Artificial Intelligence, in context: The Collaboration for trANslational Artificial Intelligence tRIals (CANAIRI) and the value of local evaluation of AI

Melissa D McCradden
Alex John London
Judy Gichoya
Mark Sendak
Lauren Erdman
Ian Stedman
Lauren Oakden-Rayner
Ismail Akrout
James A Anderson
Lesley-Anne Farmer
Robert Greer
Anna Goldenberg
Yvonne Ho
Shalmali Joshi
Jennie Louise
Muhammad Mamdani
Mjaye L. Mazwi
Abdullahi Mohamud
Lyle Palmer
Antonios Peperidis
Mandy Rickard
Carolyn Semmler
Karandeep Singh
Devin Singh
Seyi Soremekun
Lana Tikhomirov
Anton H van der Vegt
Xiaoxuan Liu
Nature Medicine (2025)

Abstract

The literature and governance frameworks relating to the clinical translation of artificial intelligence (AI) products are coalescing around best practices.
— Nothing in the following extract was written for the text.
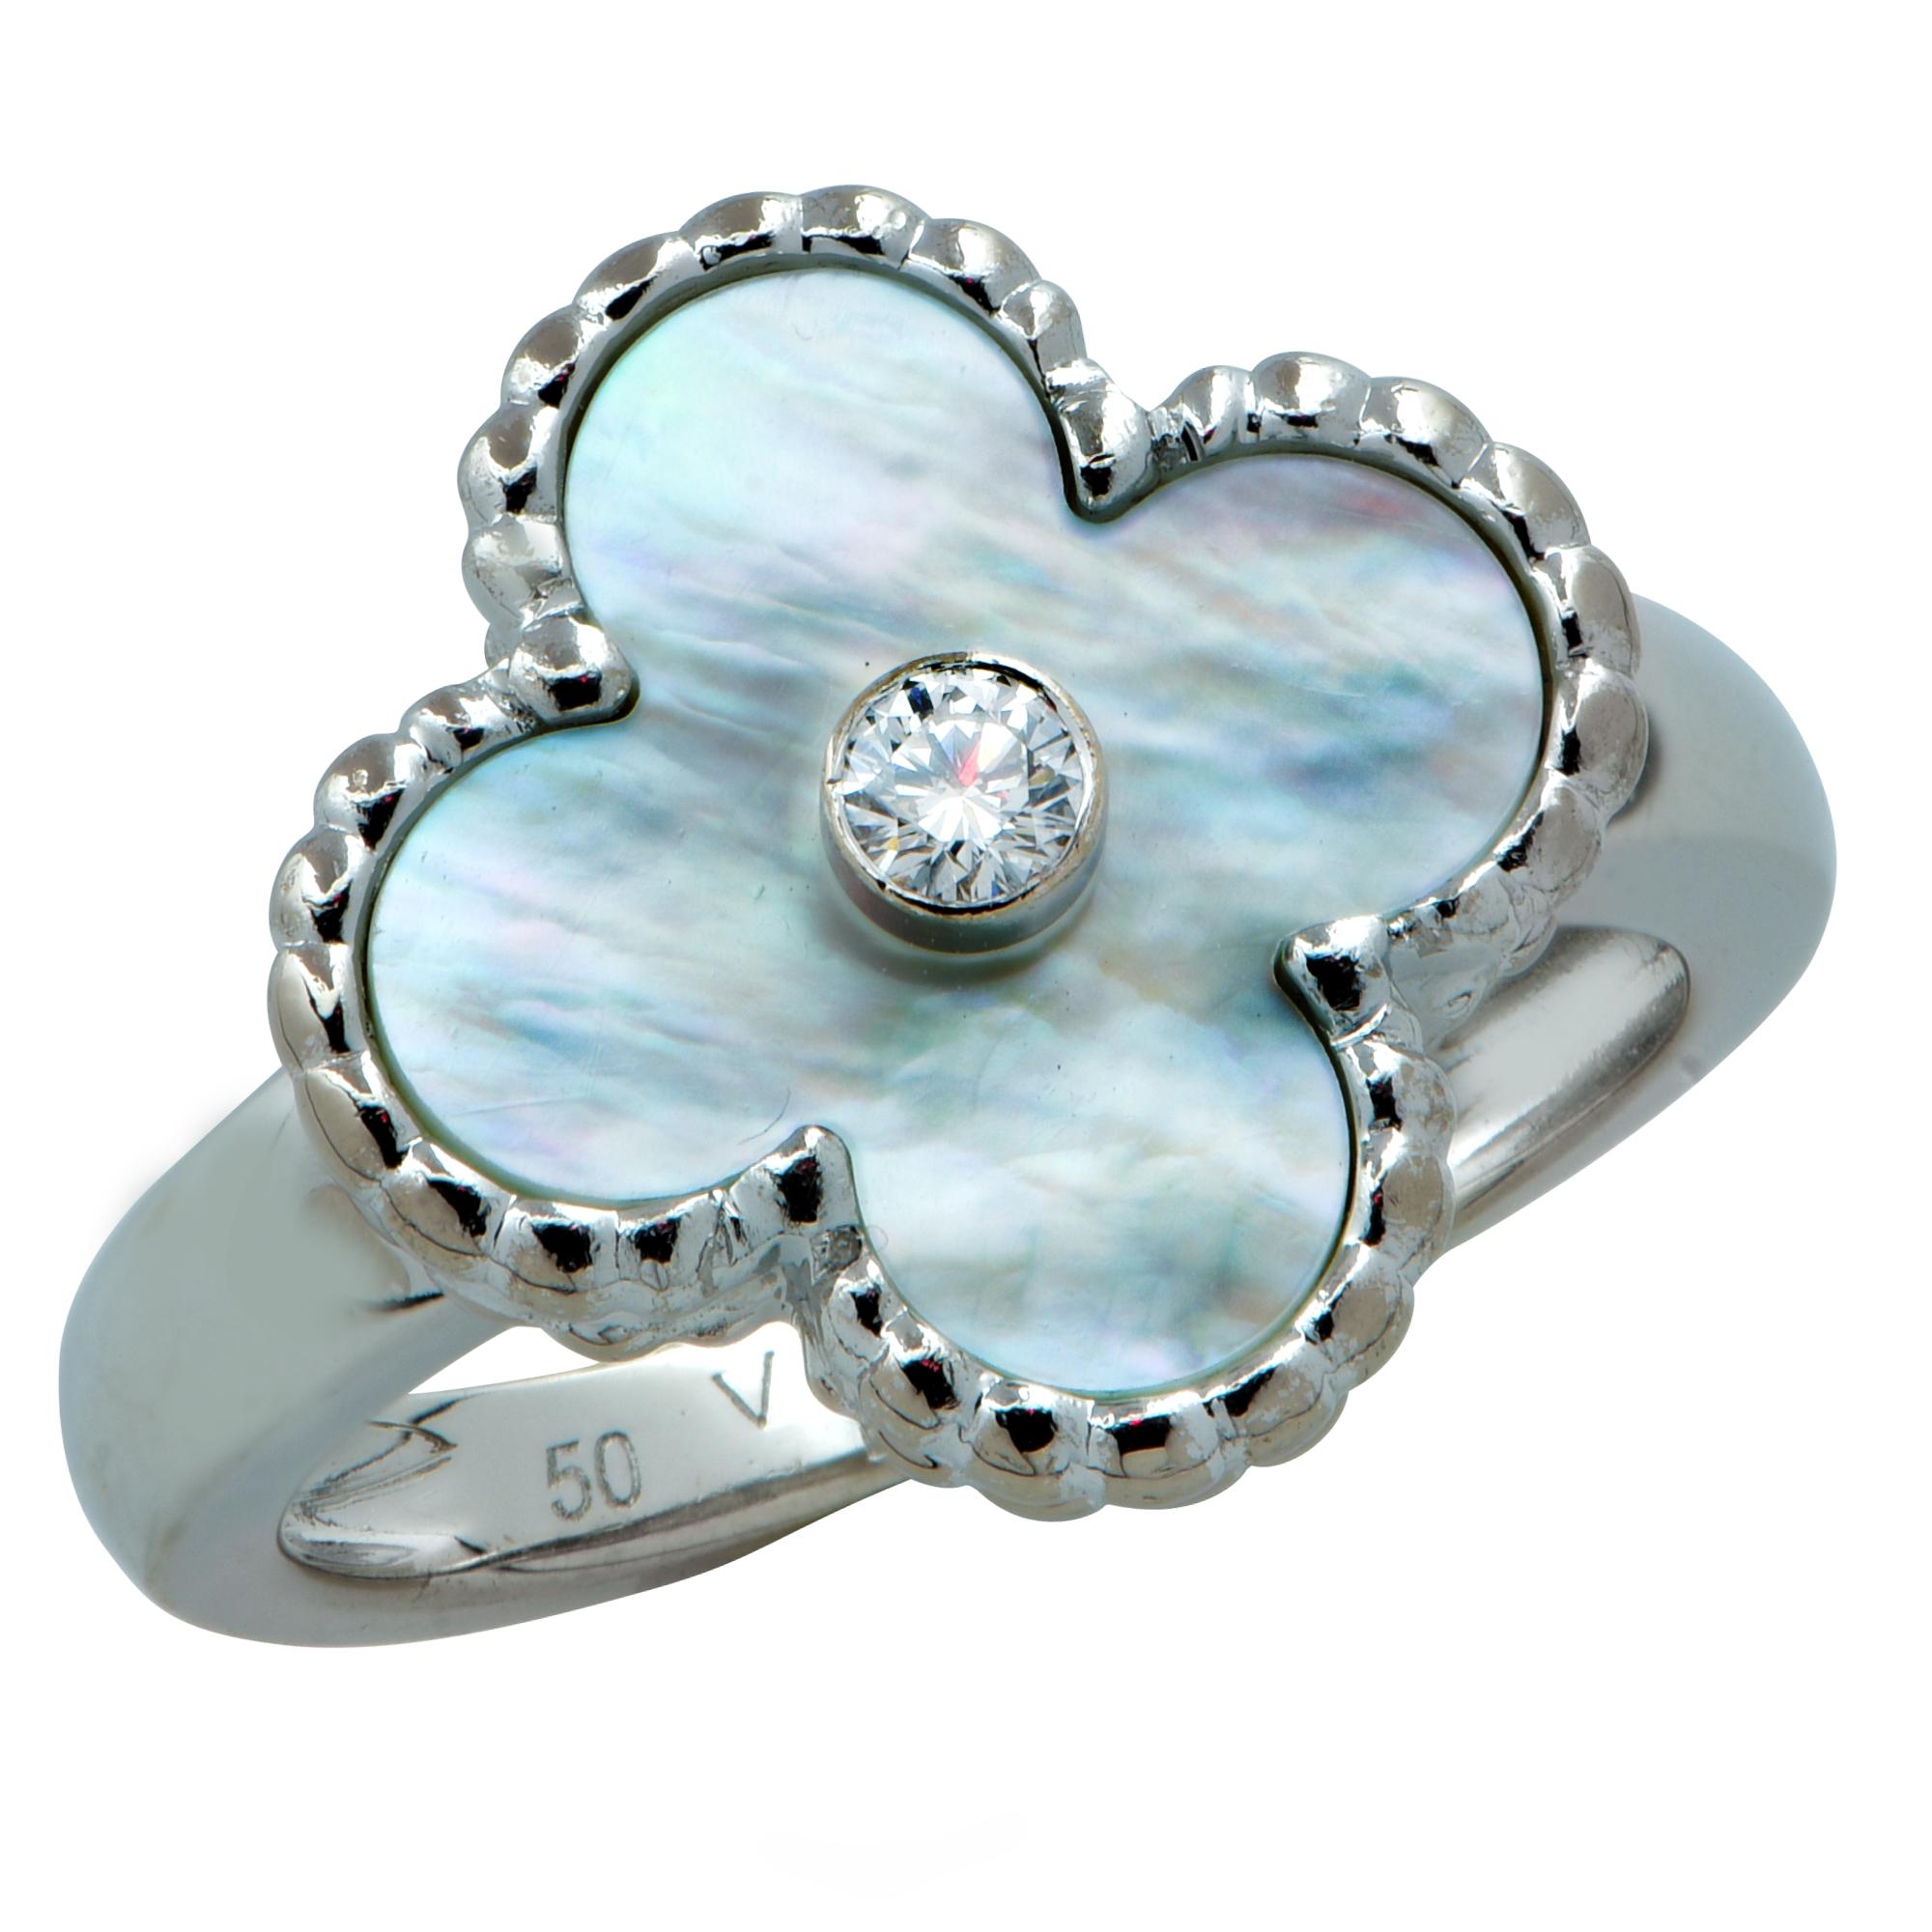 This stunning Van Cleef & Arpels Vintage Alhambra ring crafted in18 Karat white gold features a white mother-of-pearl motif inspired by the clover leaf, embellished with a round brilliant cut diamond weighing approximately .06cts, F color VVS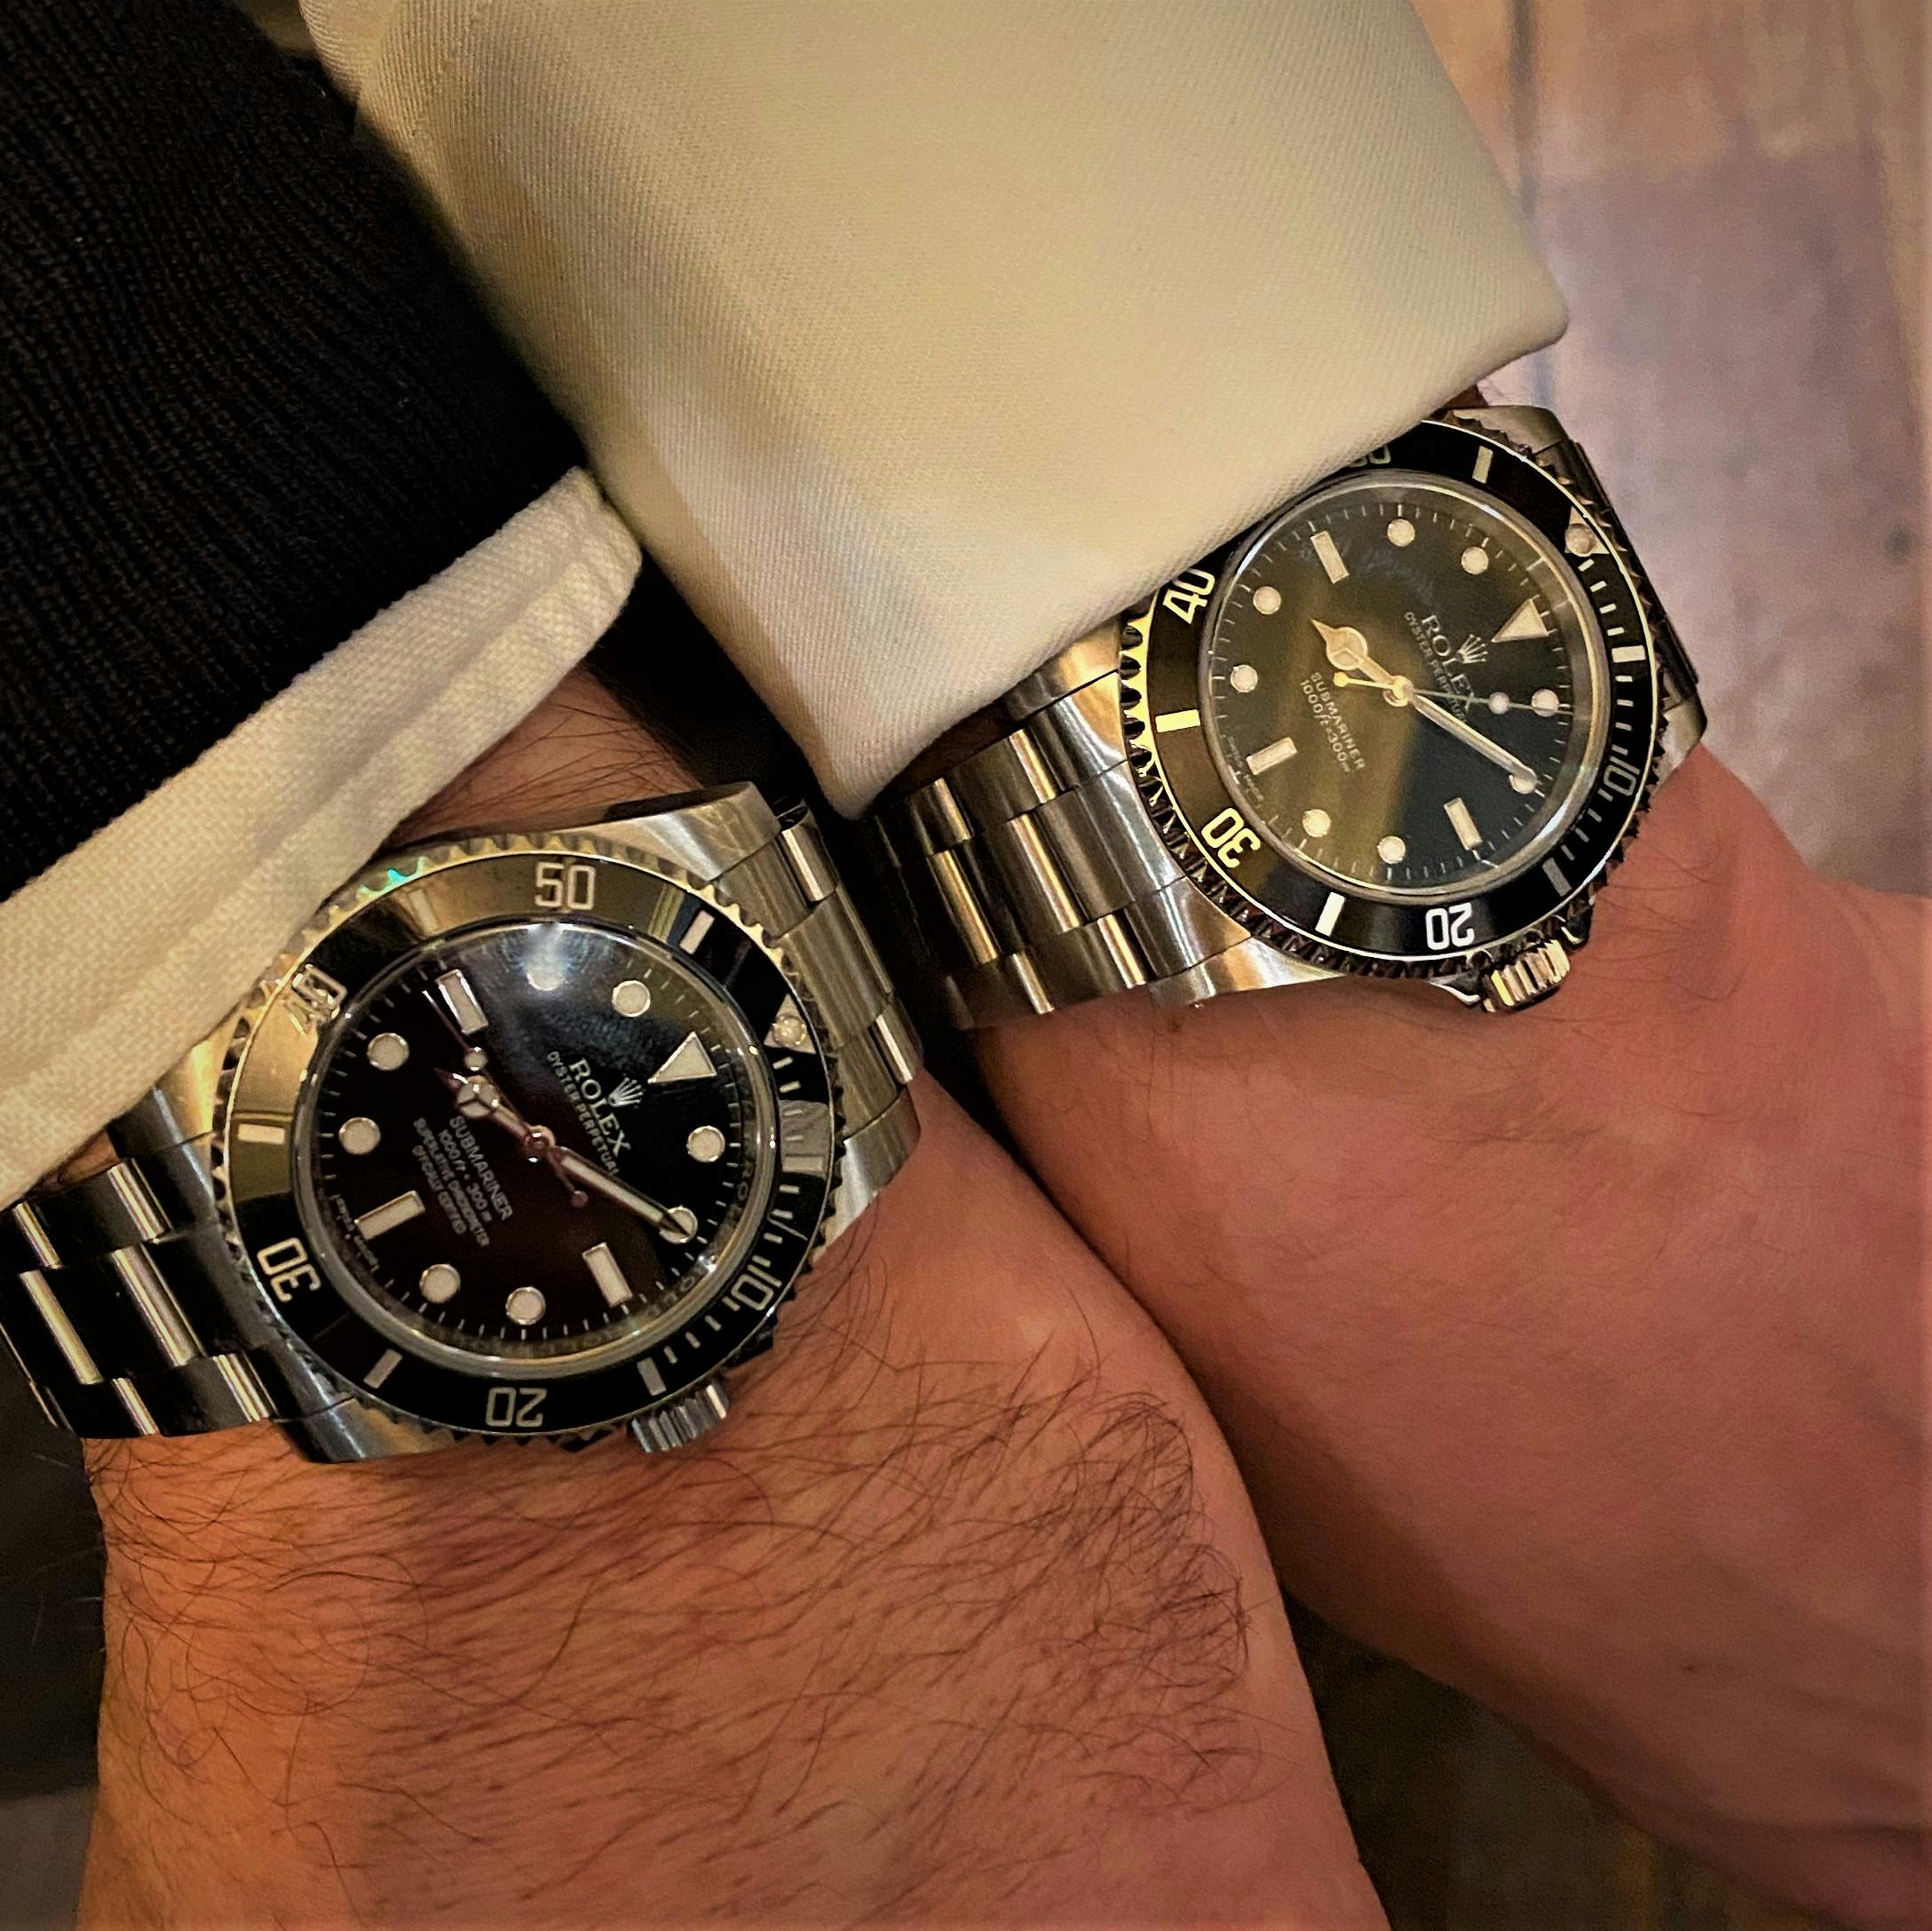 Two of the many watches present at the October 2021 Meetup Event

A major knowledge gap concerns demonstration of local, on-the-ground evidence of on-the-ground performance, equity, and safety. The ‘silent trial’ (also known as ‘silent evaluation’, ‘shadow trial’, ‘shadow evaluation’) refers to the integration of an AI system into the intended operational systems without affecting patient care. A silent trial enables collection of on-the-ground evidence of performance while integrating data security considerations, assessing operational feasibility, validating deployment strategy, selecting risk category thresholds, and testing workflow integration. While increasingly recognized for their value, silent trials remain under-appreciated and under-utilized both in the breadth of their uptake and in the scope of considerations they can address - for example, local fairness assessments and patient engagement, among others. This commentary introduces the Collaboration for trANslational Artificial Intelligence tRIals (CANAIRI), an international consortium initiative that aims to develop guidance around the application of holistic silent evaluations for healthcare AI tools.